I dont think a Hash is neccessary for this - it seems like a simple data-step will do the trick. This might prevent you (or the next programmer who comes across your code) from needing to 're-read and do research' in order to understand it.

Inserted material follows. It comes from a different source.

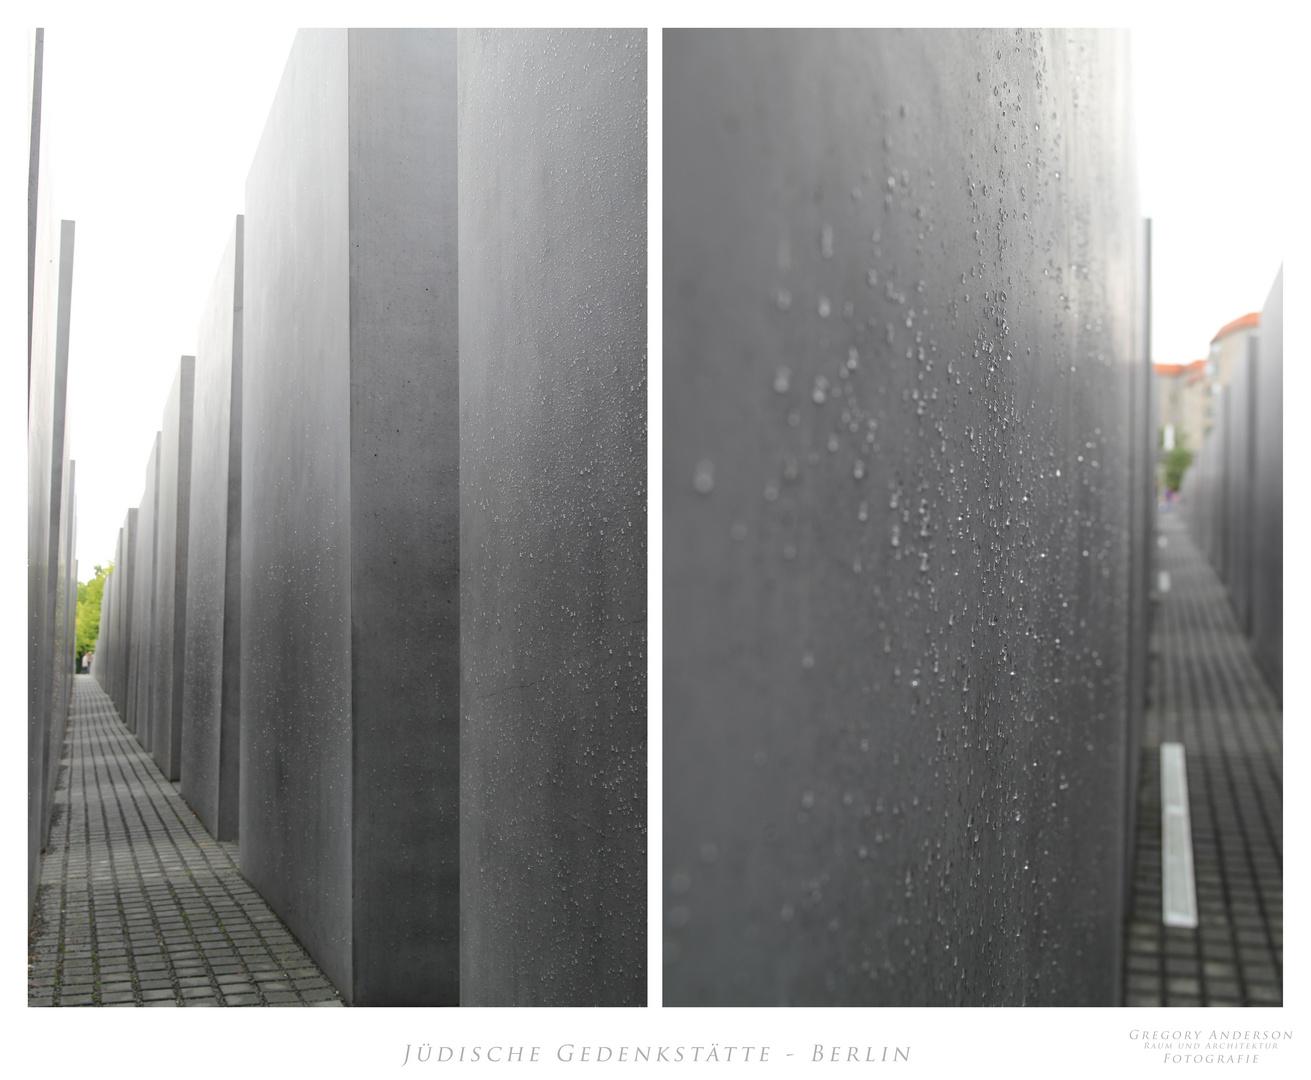 Jüdische Gedenkstätte - Berlin

I think the following will work:
data have;
informat Item_Type $1. Date Event_1_dt mmddyy9. Event_2_flg Event_3_flg 8.;
infile datalines dsd dlm=',';
format Date Event_1_dt date9.;
input Item_Type Date Event_1_dt Event_2_flg Event_3_flg;
datalines;
A,1/1/2014,1/2/2014,1,1
A,1/2/2014,1/2/2014,0,1
A,1/3/2014,1/8/2014,1,0
B,1/1/2014,1/2/2014,1,0
B,1/2/2014,1/5/2014,1,0
B,1/3/2014,1/4/2014,1,1
B,1/4/2014,1/5/2014,0,1
B,1/5/2014,,1,1
B,1/6/2014,1/7/2014,1,1
;
data want2 (drop=_: );
set have;
by ITEM_Type;
length _Alldts_event2 _Alldts_event3 $20000;
retain _Alldts_event2 _Alldts_event3;
*Clear _ALLDTS for each ITEM_TYPE;
if first.ITEM_type then Do;
_Alldts_event2 = "";
_Alldts_event3 = "";
END;
*If event is flagged, concatenate the Event_1_dt to the ALLDTS variable;
if event_2_flg = 1 Then _Alldts_event2 = catx(" ", _Alldts_event2,Event_1_dt);
if event_3_flg = 1 Then _Alldts_event3 = catx(" ", _Alldts_event3,Event_1_dt);
_numWords2 = COUNTW(_Alldts_event2);
_numWords3 = COUNTW(_Alldts_event3);
*Loop through alldates, count the number that are < the current records date;
cnt2=0;
do _i = 1 to _NumWords2;
_tempDate = input(scan(_Alldts_event2,_i),Best12.);
if _tempDate < date Then cnt2=cnt2+1;
end;
cnt3=0;
do _i = 1 to _NumWords3;
_tempDate = input(scan(_Alldts_event3,_i),Best12.);
if _tempDate < date Then cnt3=cnt3+1;
end;
run;
I believe the Hash may be faster, but you'll have to decide on what tradeoff of comprehensibility/performance is appropriate.